### RAW DATA

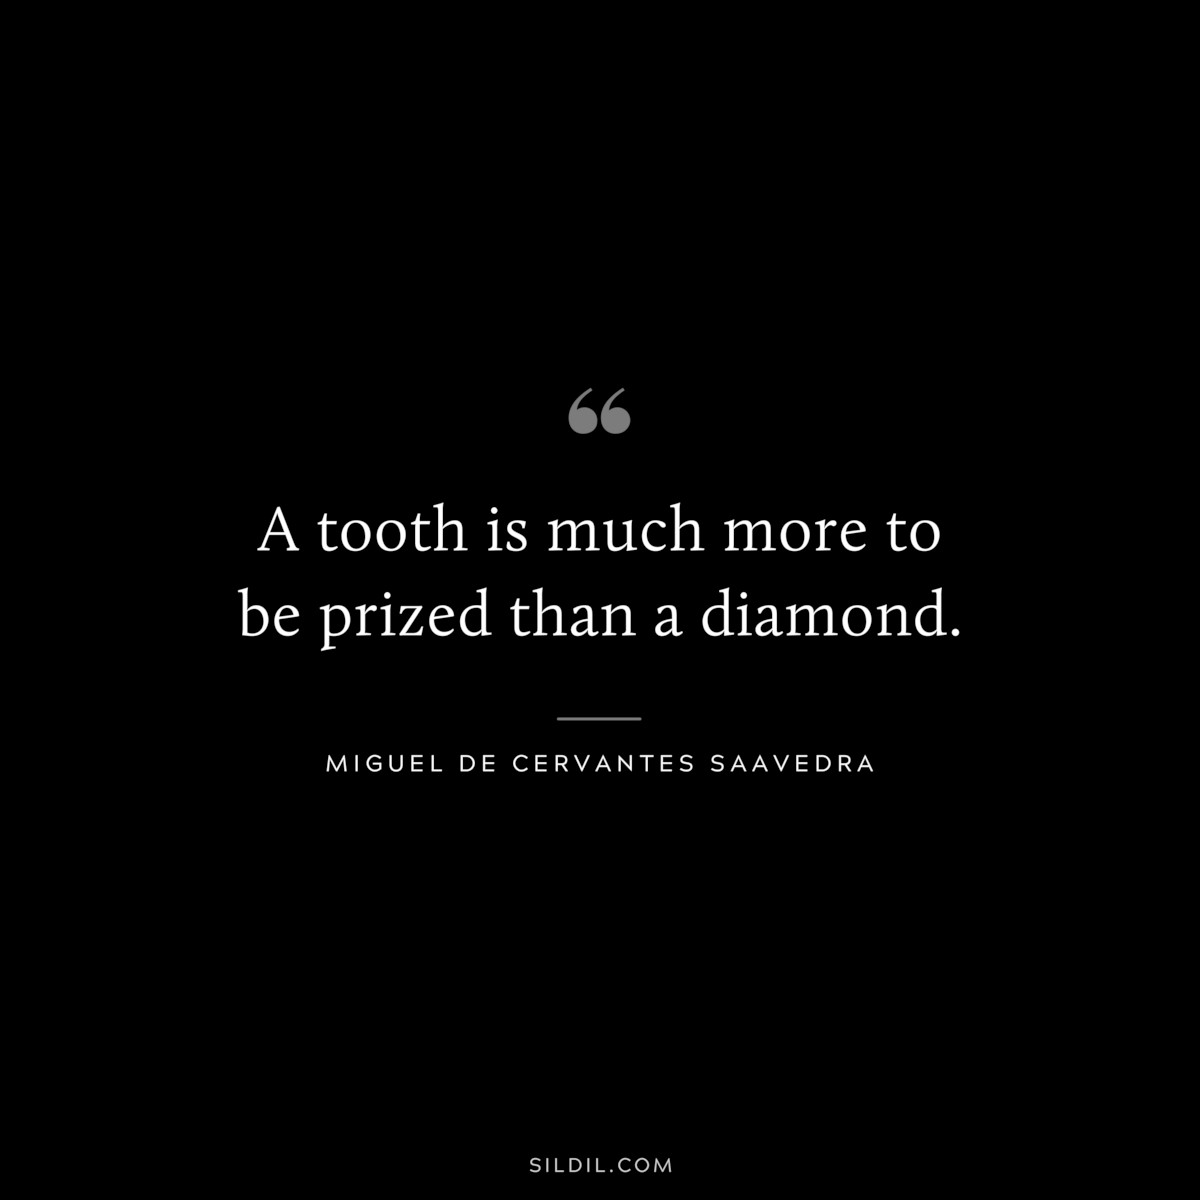 A tooth is much more to be prized than a diamond. ― Miguel de Cervantes Saavedra
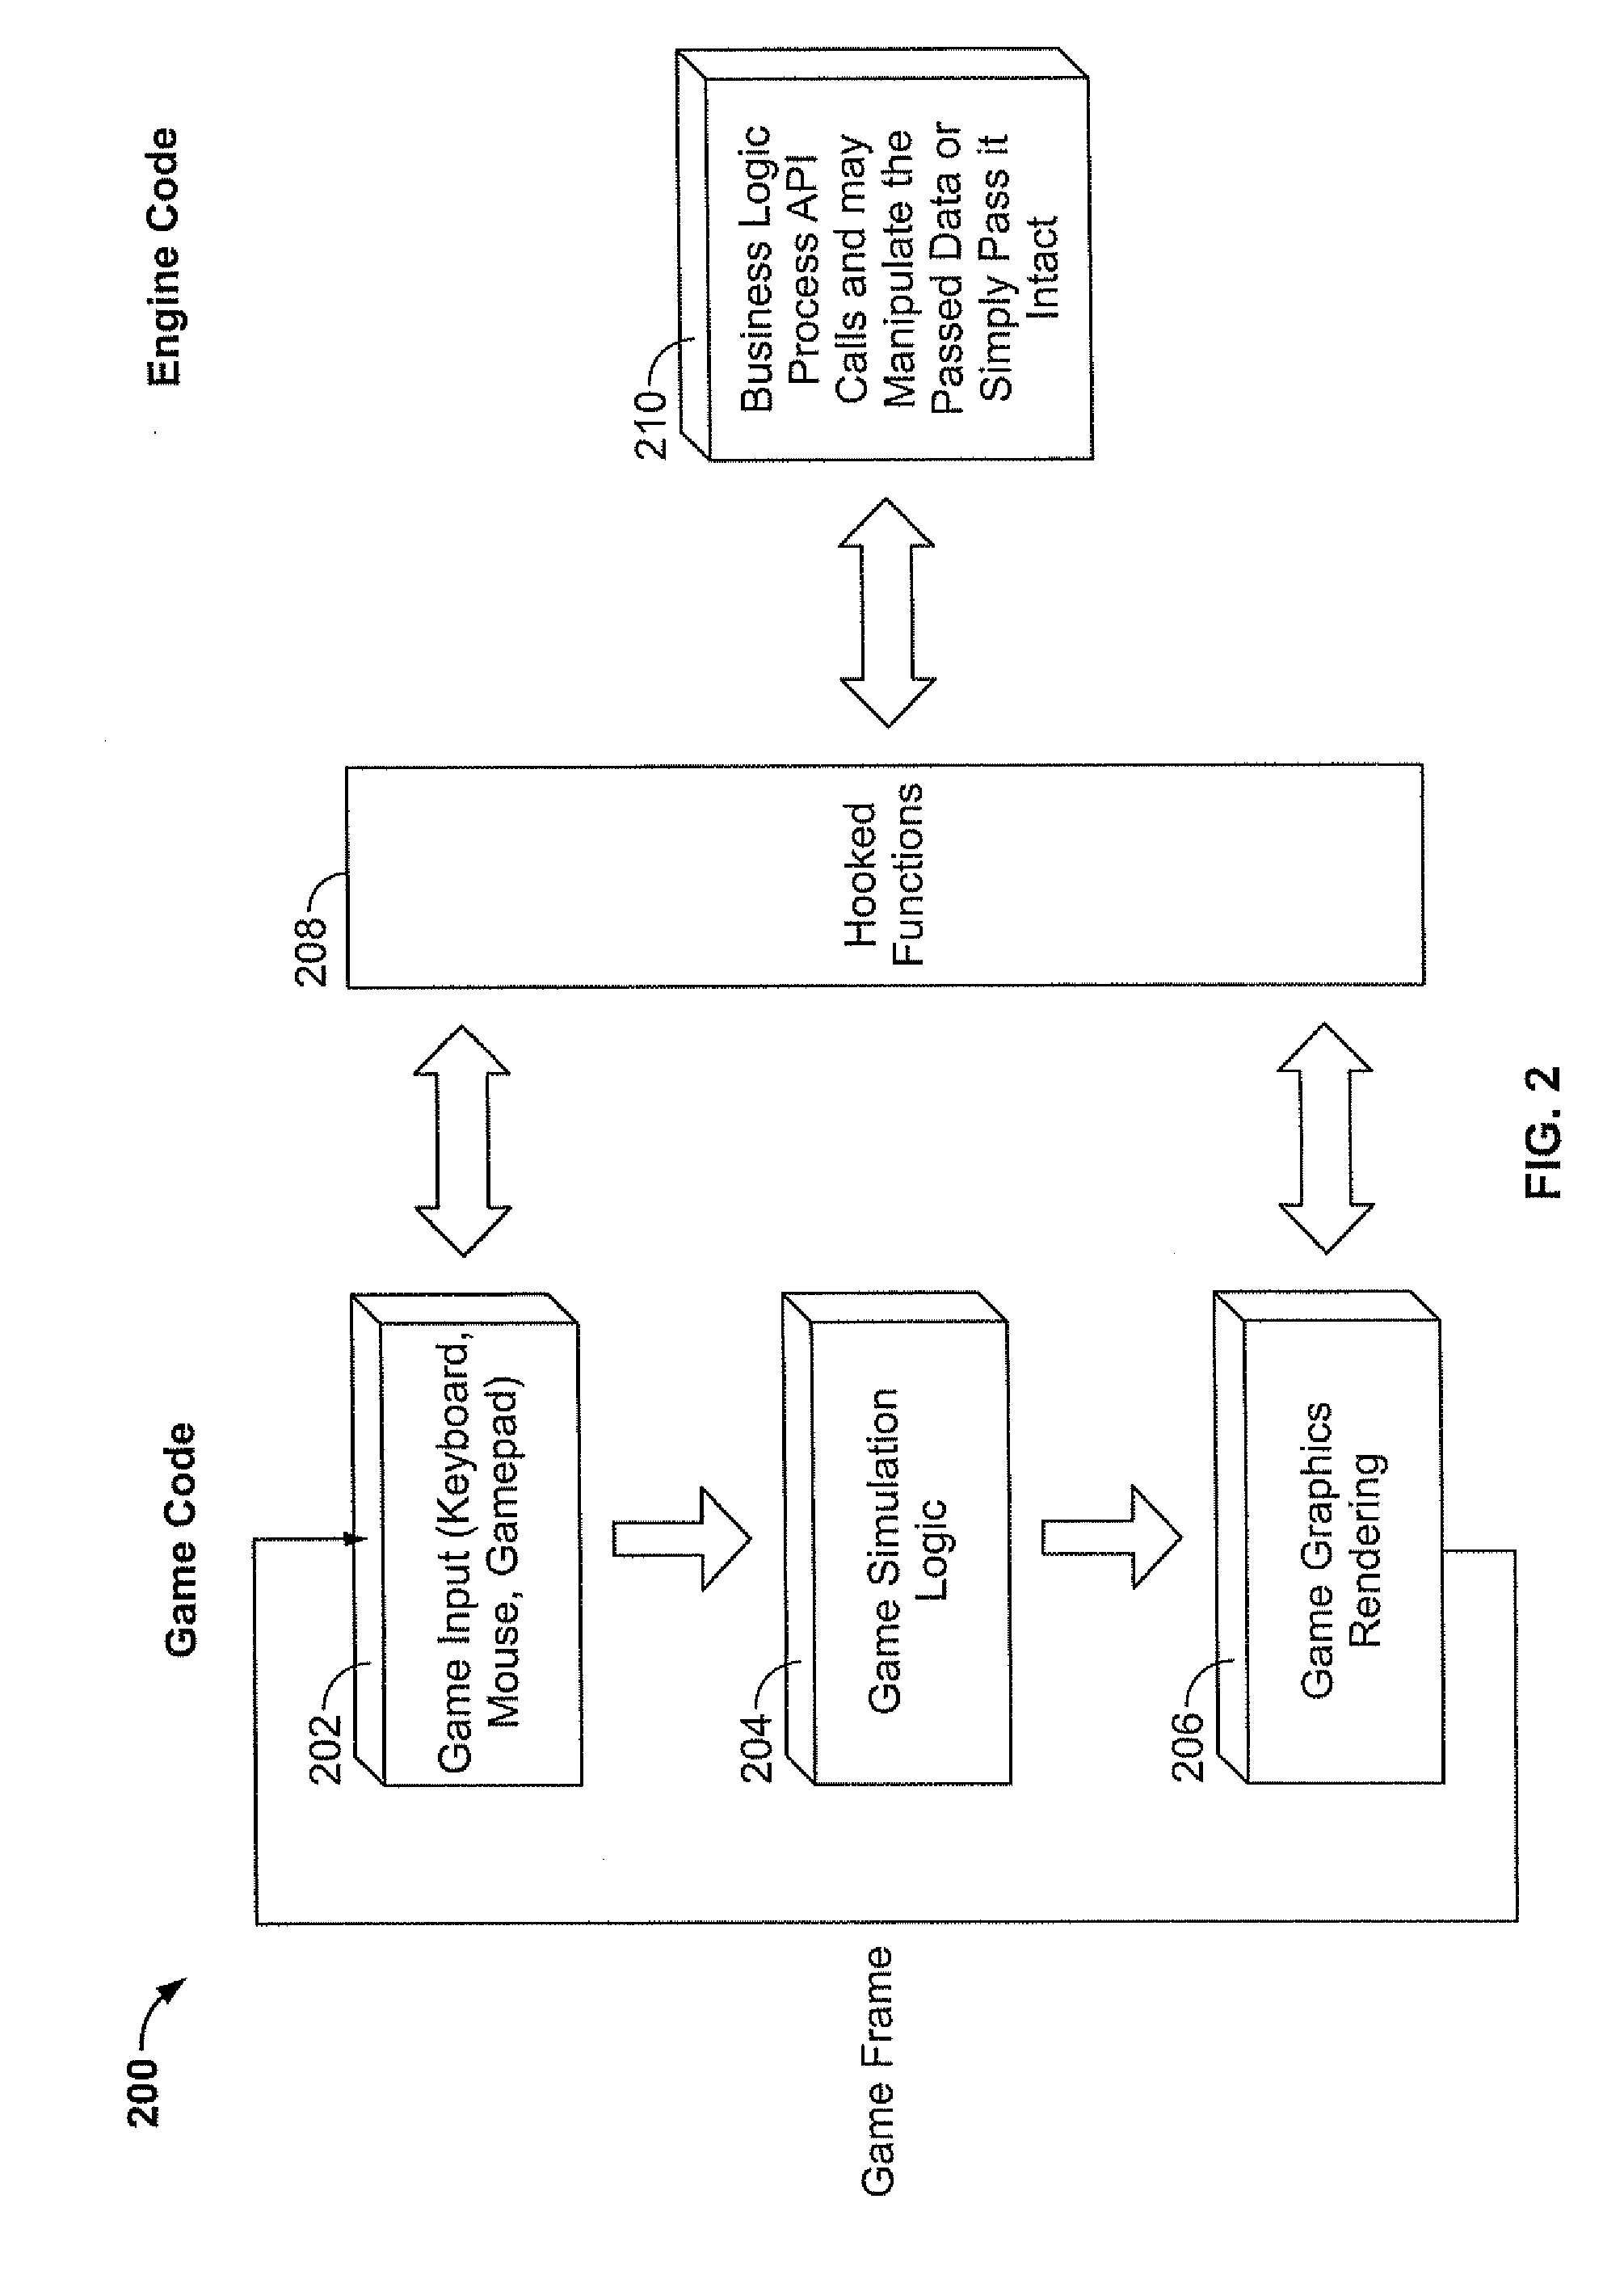 Independently-defined alteration of output from software executable using distributed alteration engine
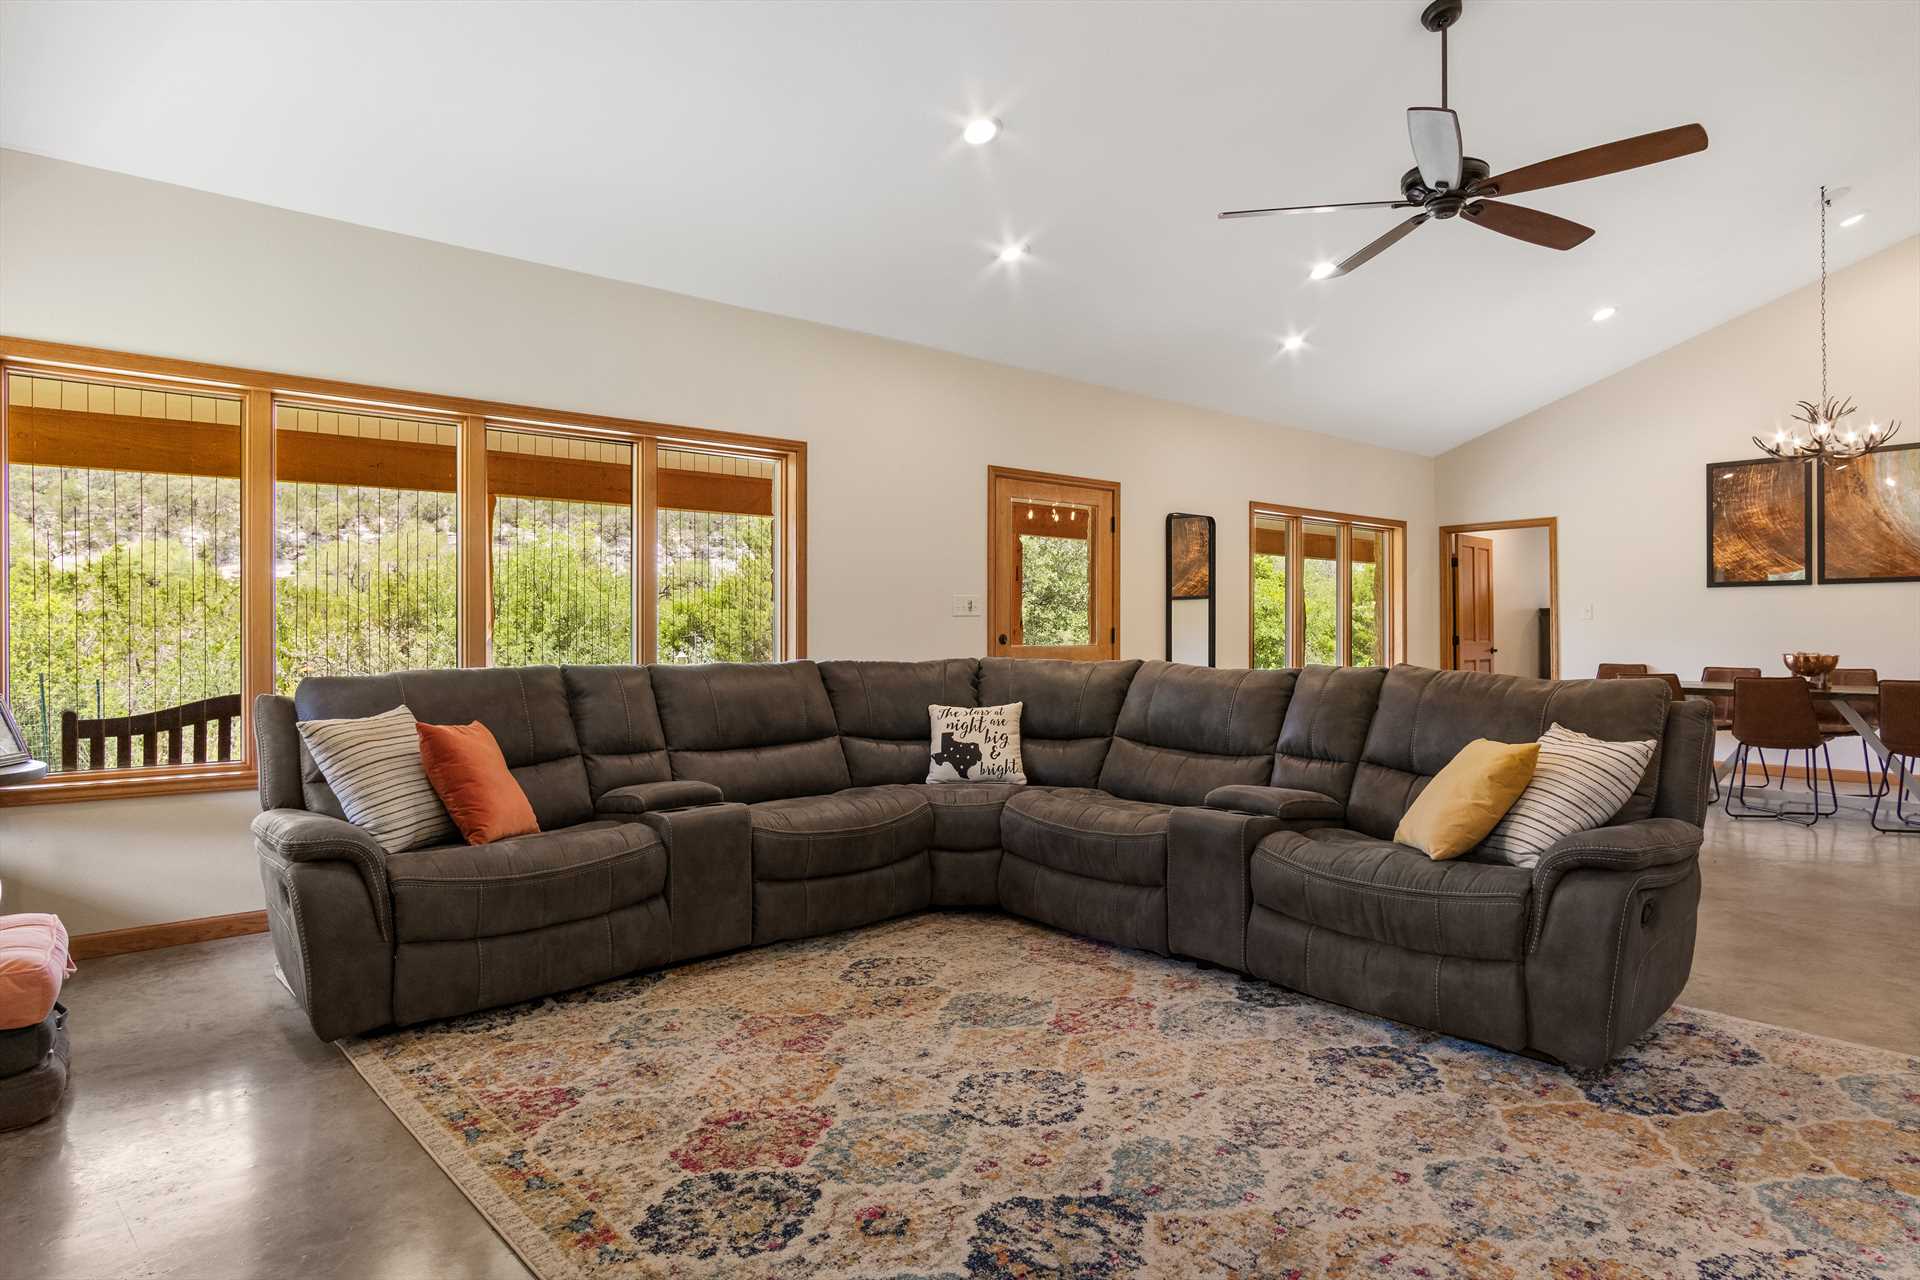                                                 Everyone will have plenty of leg-stretching space on the living room's plush and comfy gigantic sectional sofa!

### WHAT IS NEEDED
Starting with the line that contains "Independently-defined alteration of" and ending with the last line of the material, every line must be written out exactly; no other lines and no pictures are wanted.

### ANSWER SPACE
 Independently-defined alteration of output from software executable using distributed alteration engine
                                                 Everyone will have plenty of leg-stretching space on the living room's plush and comfy gigantic sectional sofa!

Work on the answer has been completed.